MATERIAL FOR THIS EXERCISE:

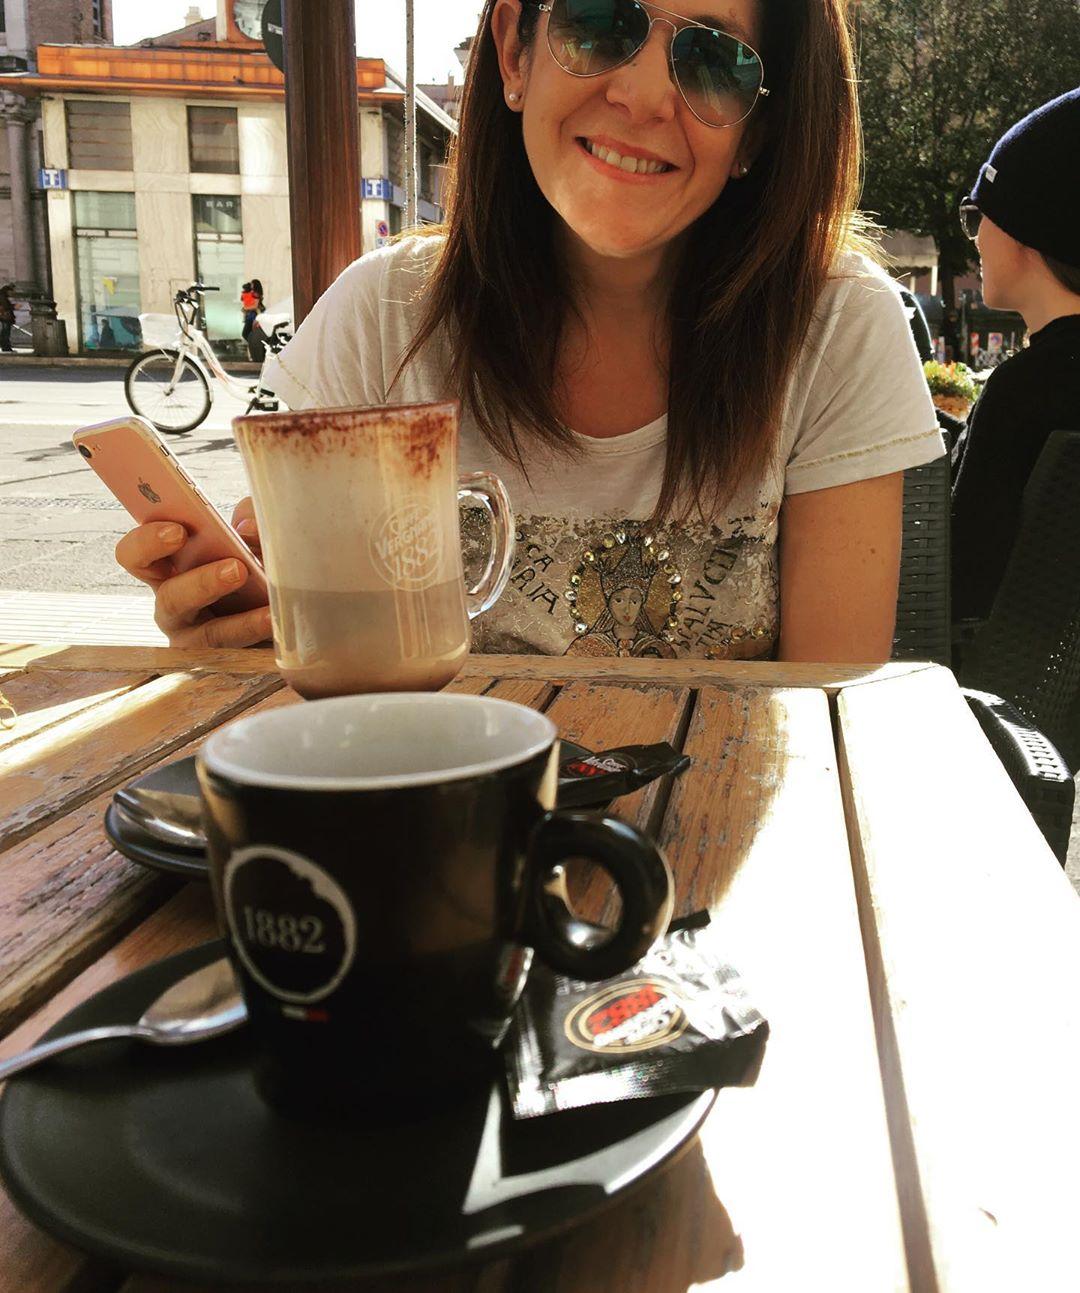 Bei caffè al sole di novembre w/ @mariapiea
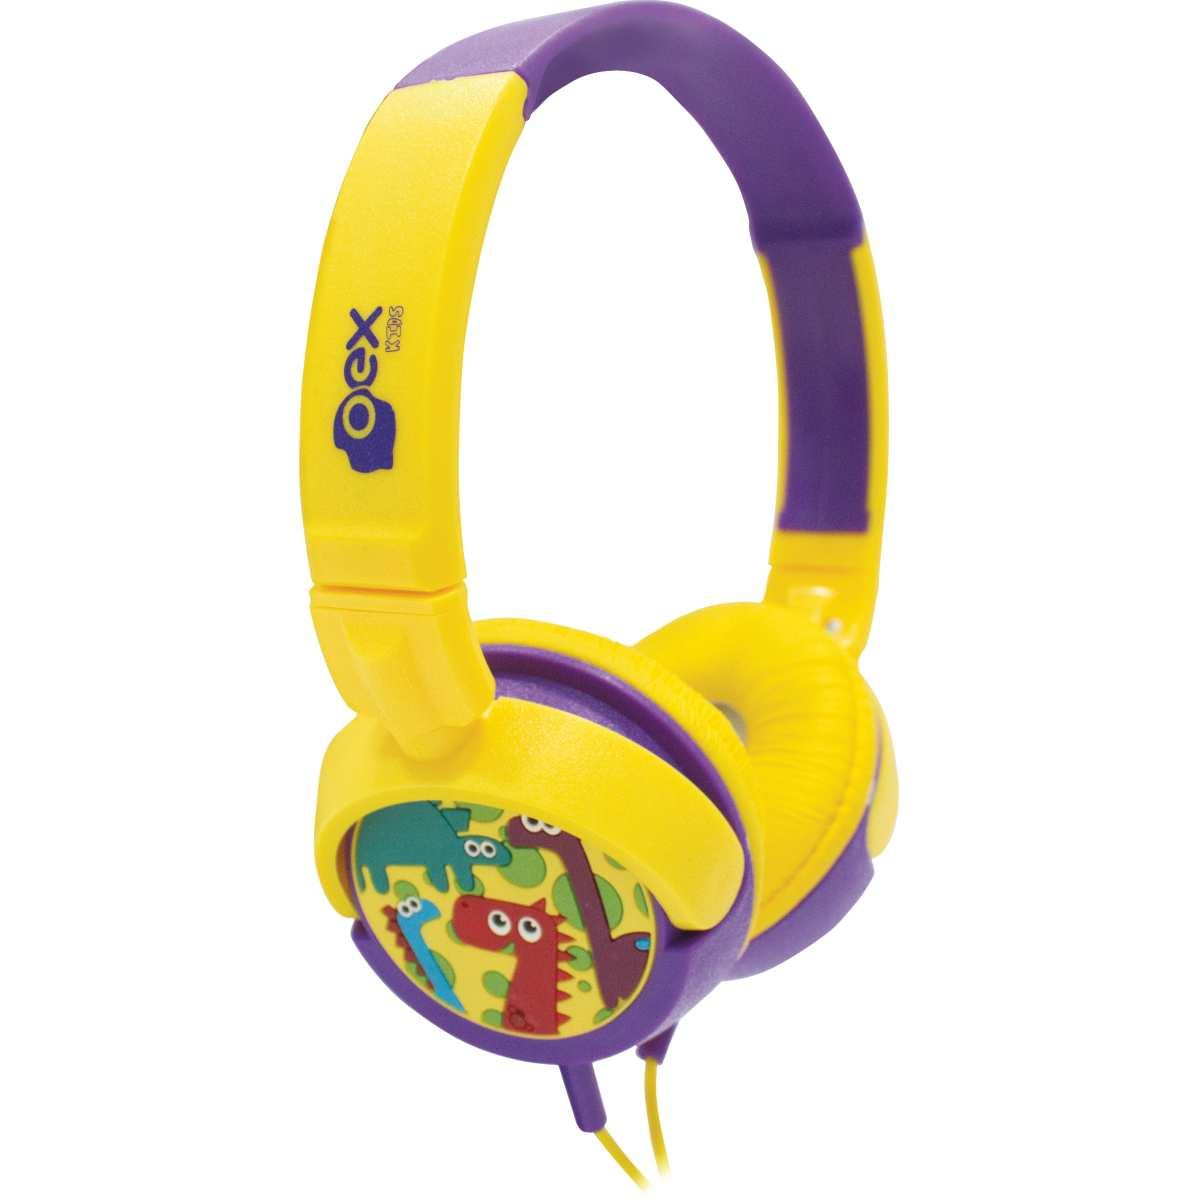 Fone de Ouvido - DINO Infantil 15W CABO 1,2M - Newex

--

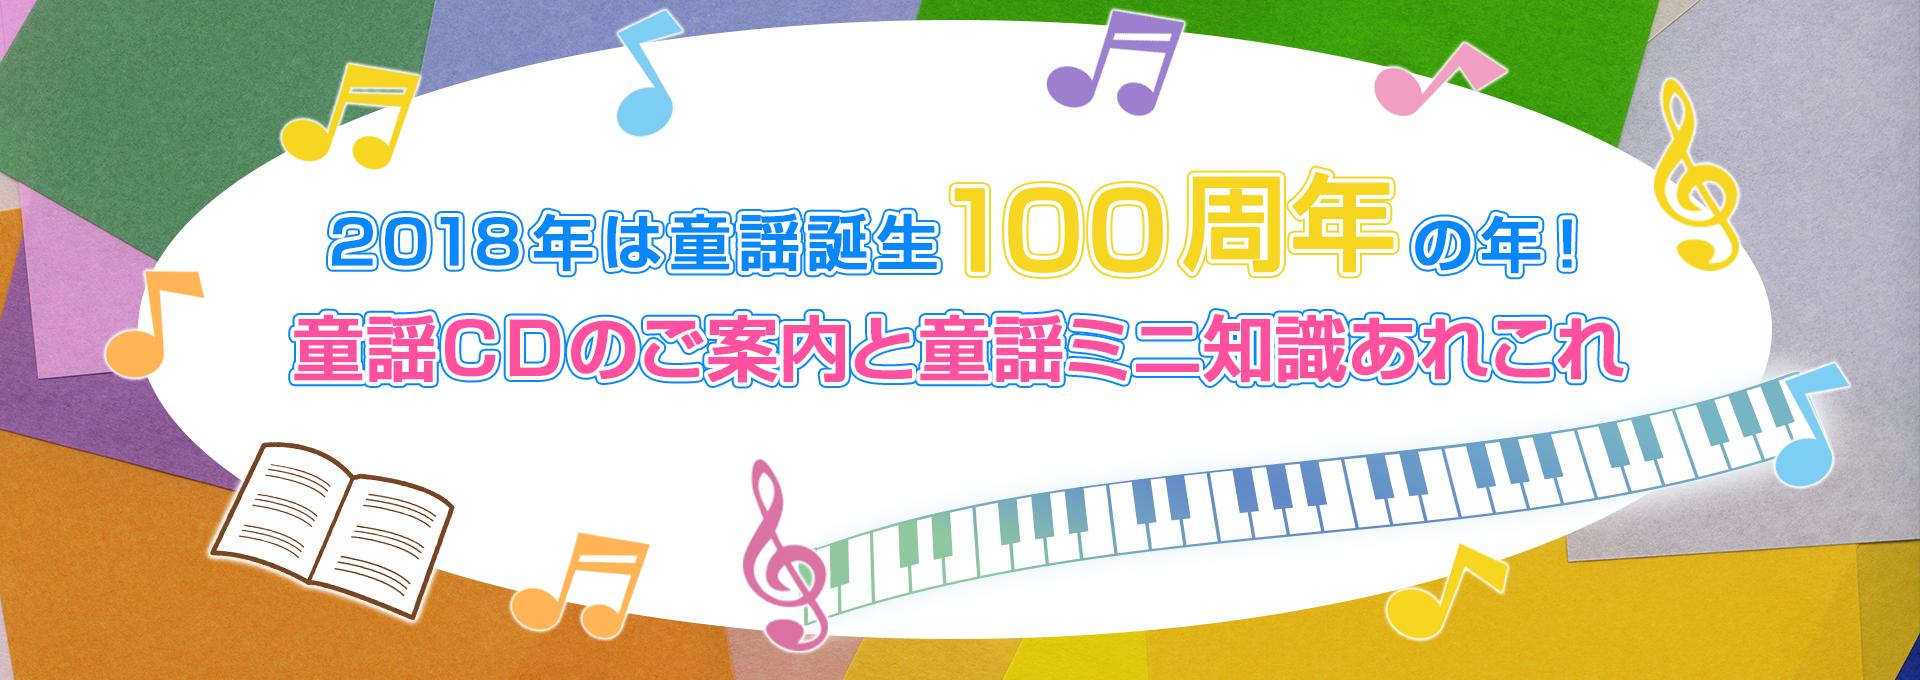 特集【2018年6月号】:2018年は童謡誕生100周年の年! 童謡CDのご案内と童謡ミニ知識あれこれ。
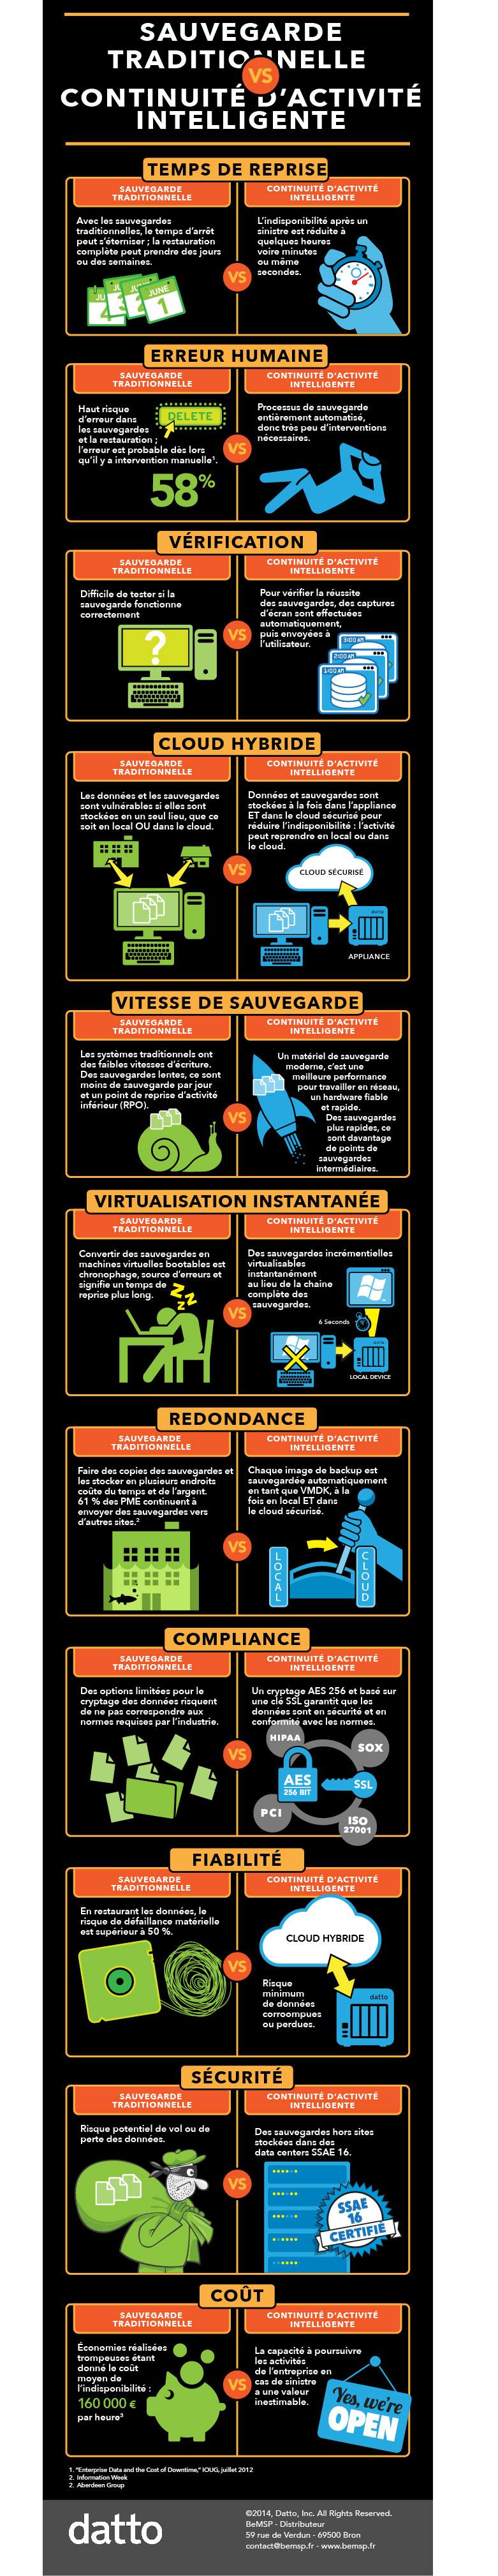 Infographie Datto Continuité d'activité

--

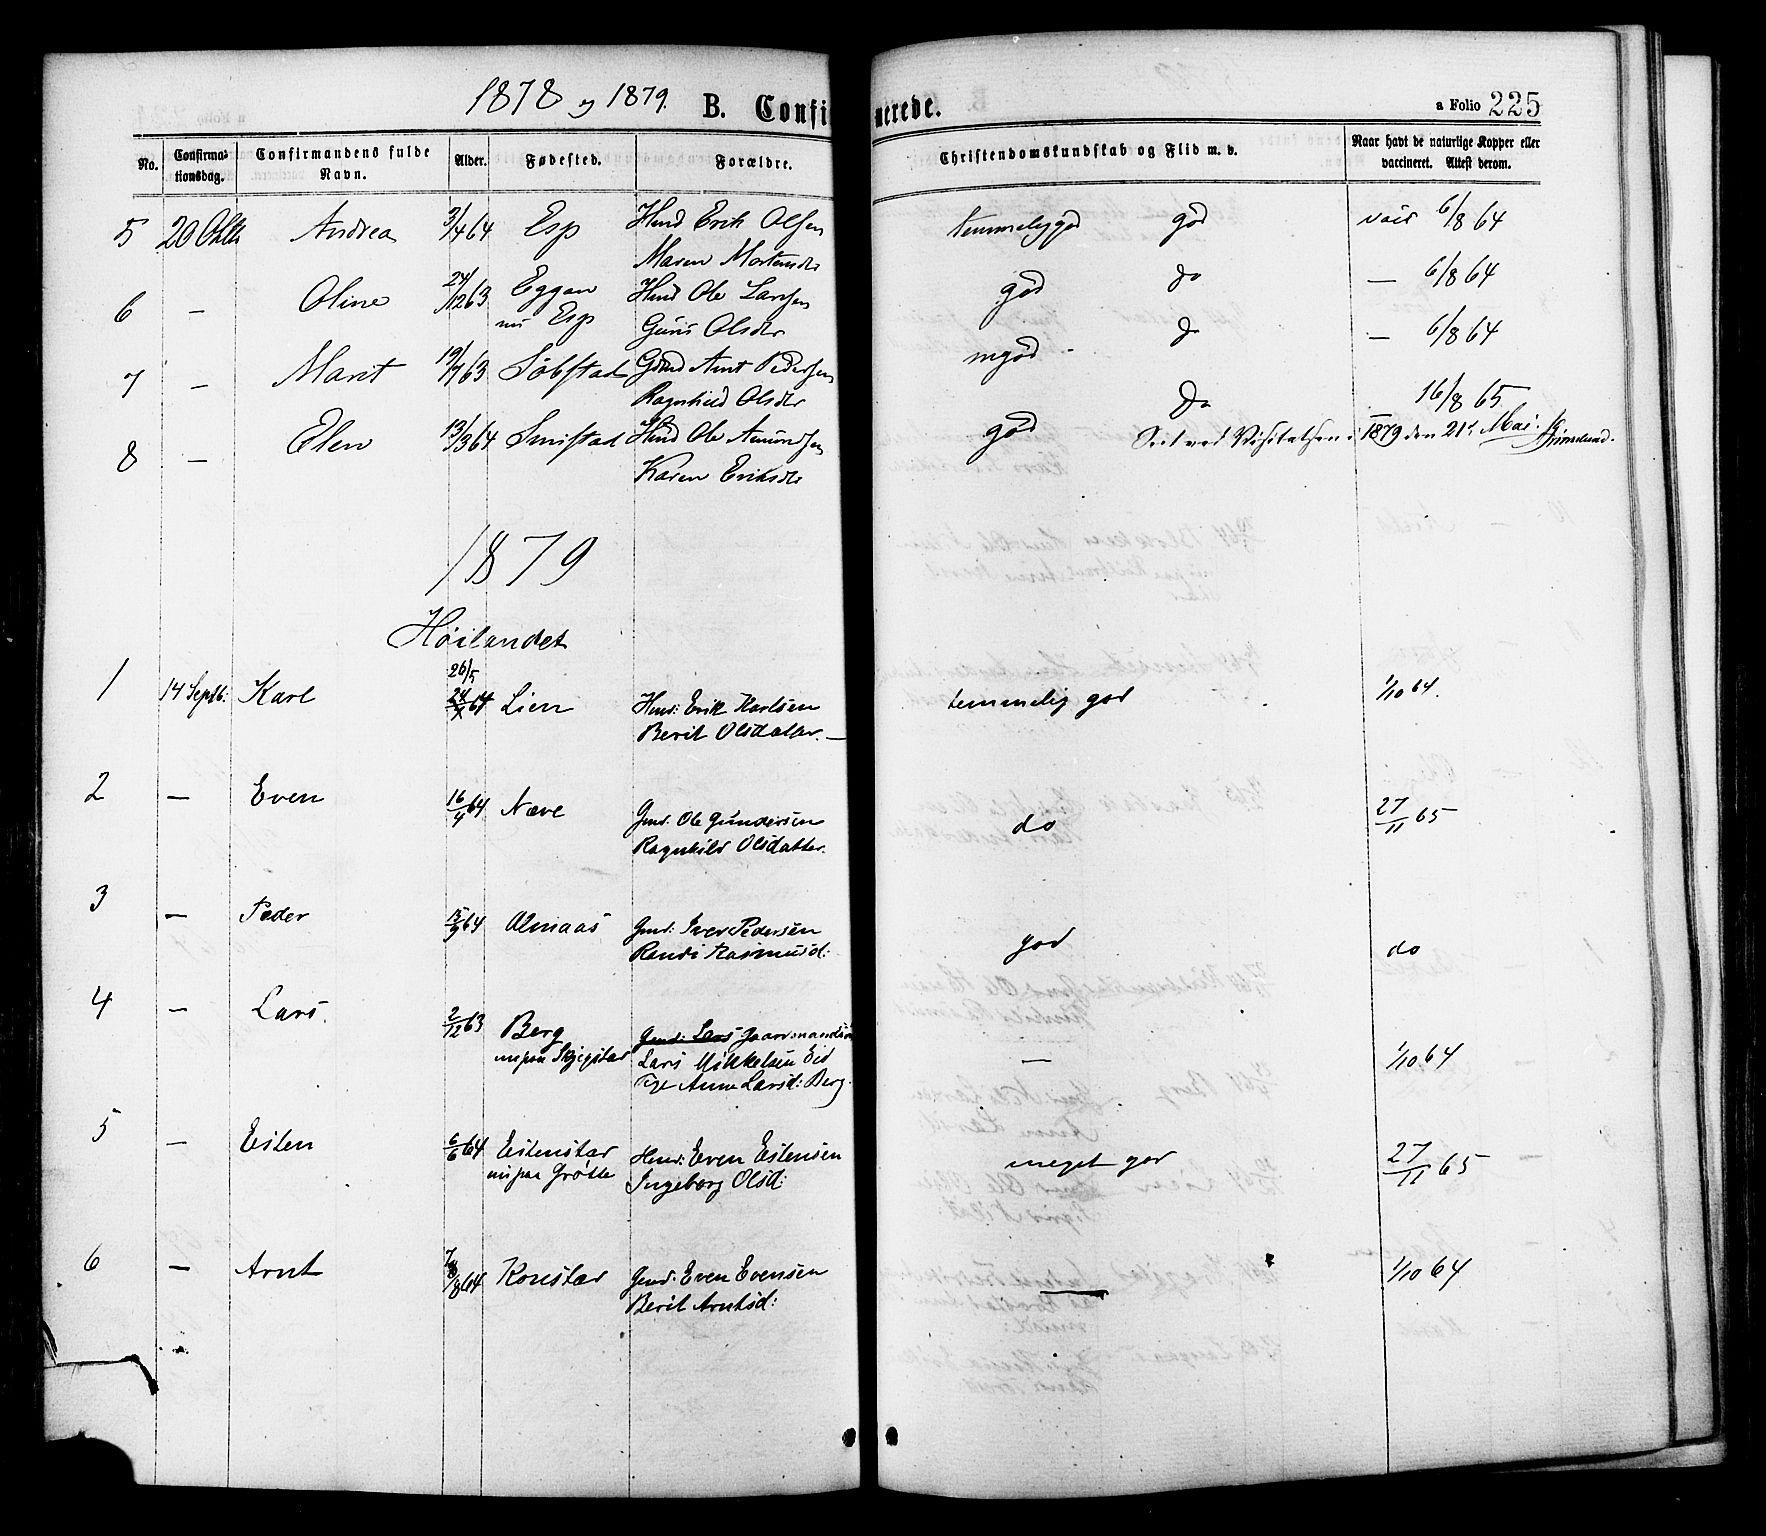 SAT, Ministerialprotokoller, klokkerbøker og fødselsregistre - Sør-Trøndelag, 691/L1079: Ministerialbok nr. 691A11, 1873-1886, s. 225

TASK ITEM: Transcribe, from the material above, the stretch starting at the line with "特集【2018年6月号】:2" and ending at the line with "Infographie Datto Continuité d'activité", both included, exactly. Do not carry over pictures.

SOLUTION BELOW:
 特集【2018年6月号】:2018年は童謡誕生100周年の年! 童謡CDのご案内と童謡ミニ知識あれこれ。
 Infographie Datto Continuité d'activité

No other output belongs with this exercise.